1/ L'interprétation théorique
P. Duhem conçoit l'expérience en deux temps logiques :
i) L'observation
Le premier temps consiste en l'observation d'un phénomène concret. N'importe quel observateur
suffisamment sensé pourrait établir dans le langage courant un récit de faits concrets correspondant
à ce que ses sens lui feraient percevoir. Pour P. Duhem, il ne s'agirait pas là d'une expérience
scientifique, mais d'une « expérience vulgaire », qui consiste en « [...] la constatation d'une relation
entre divers faits concrets ; tel fait ayant été artificiellement produit, tel autre fait en est résulté ».

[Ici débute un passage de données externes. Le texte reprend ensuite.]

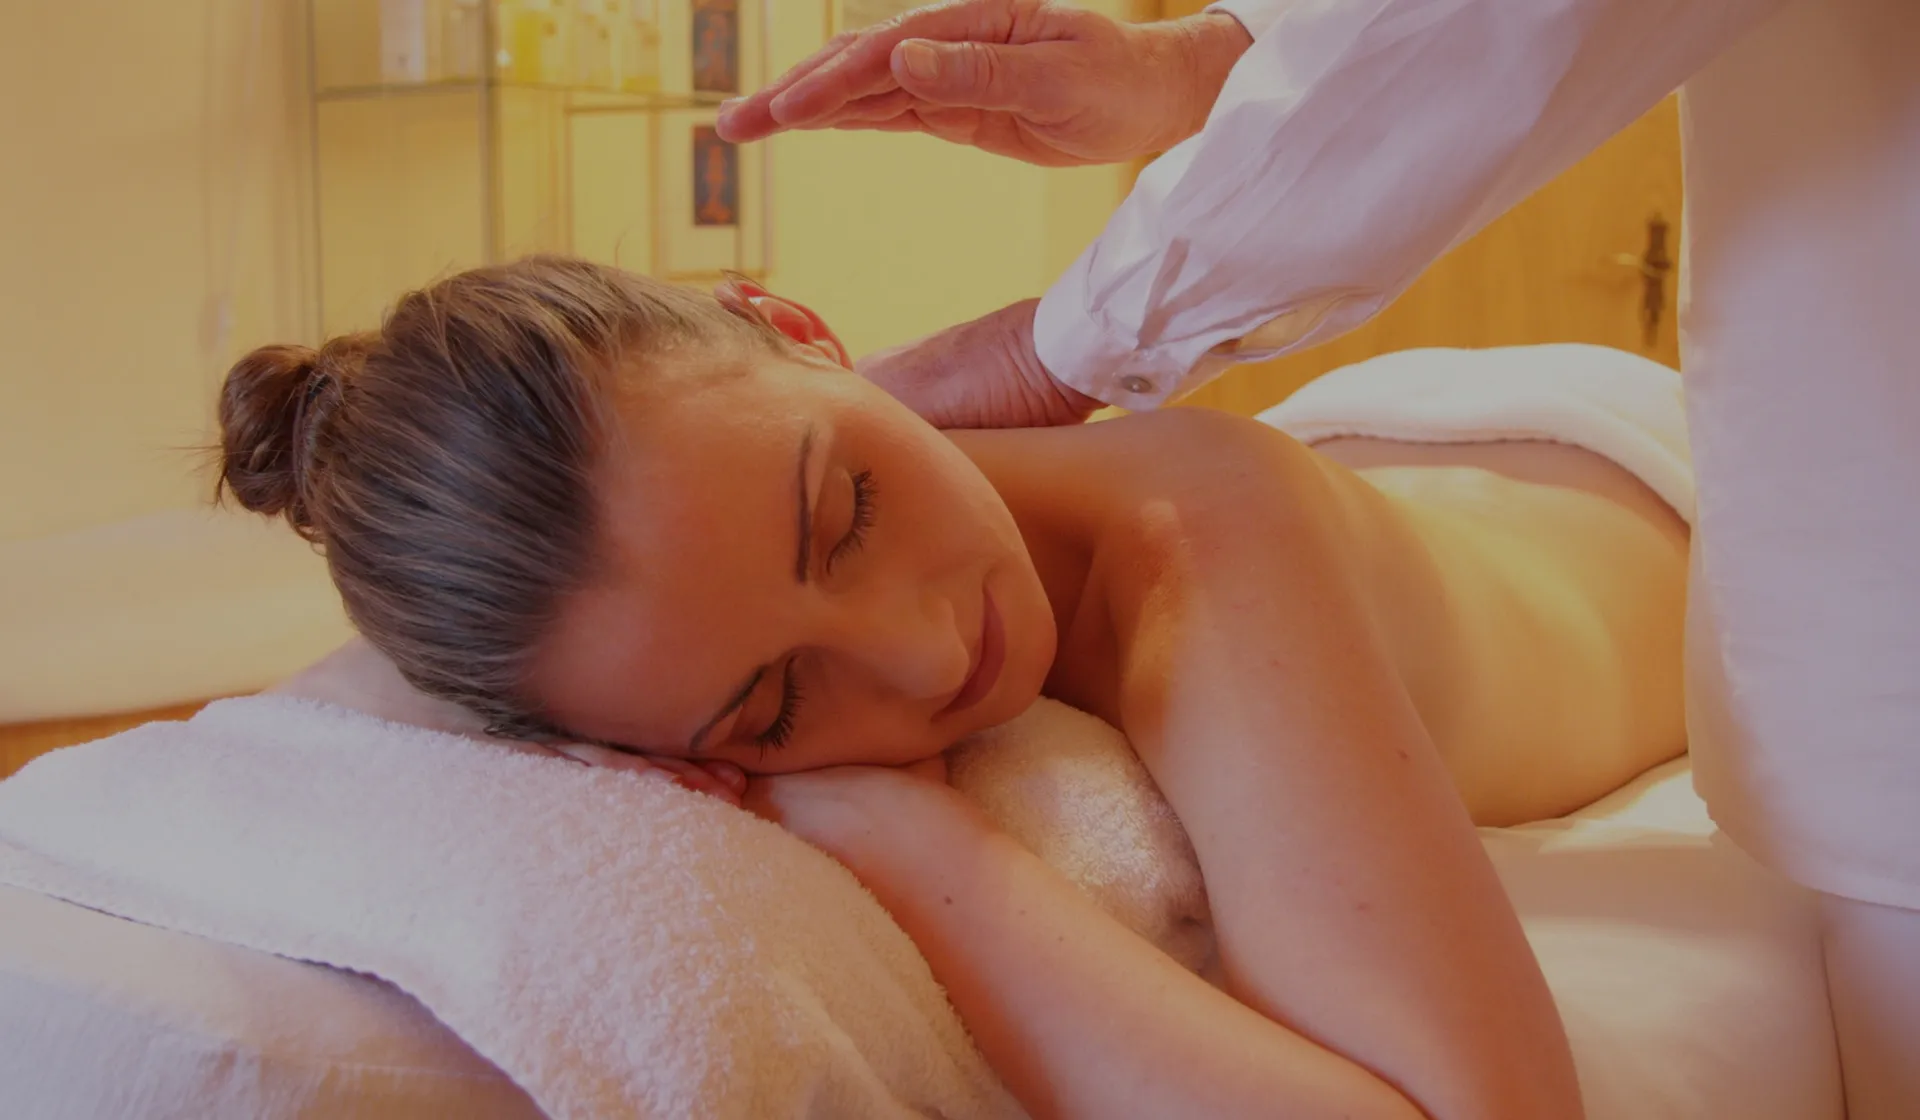 VIP Massage Studio - young woman being massaged

Ce n'est pas là le travail qu'effectue un physicien en laboratoire, ne se contentant pas de voir et
constater, mais de juger et d'interprétrer, à travers la raison et non les sens. Cette interprétation, c'est
pour P. Duhem le second temps logique de l'expérience.
ii) L'interprétation
Dans les travaux d'Henri Regnault sur la compressibilité des gaz nous y voyons mentionné des
volumes, des températures ou des pressions. Ces notions sont abstraites et nécessitent des
connaissances théoriques pour en saisir le sens et les relations qu'elles entretiennent. Plus
généralement, les résultats d'une expérience scientifique sont formulés dans un langage technique
dans lequel les faits concrets sont substitués à des symboles et concepts abstraits. C'est dans cette
« élaboration intellectuelle » que nous comprenons la nécessité de posséder un savoir spécifique,
car pour interpréter un fait concret en un fait théorique abstrait, «il ne suffit pas d'avoir l'attention
en éveil et l'oeil exercé ; il faut connaître les théories admises, il faut savoir les appliquer, il faut
être physicien ».
Conclusion
Nous avons pu ainsi voir que pour P. Duhem l'expérience est tout autre chose qu'une simple
observation de phénomènes concrets mais consiste aussi essentiellement en une interprétation
théorique, rendue possible grâce aux symboles abstraits que le physicien substitue aux faits concrets
et à ses instruments. Si les opérations intellectuelles effectuées par le physicien au cours de
l'expérience se révèlent complexes et de plus en plus élaborées, elles permettent en retour des
expériences plus précises, exactes et complètes, représentant aussi fidèlement que possible les
phénomènes réels et offrant davantage de possibilités de généralisation.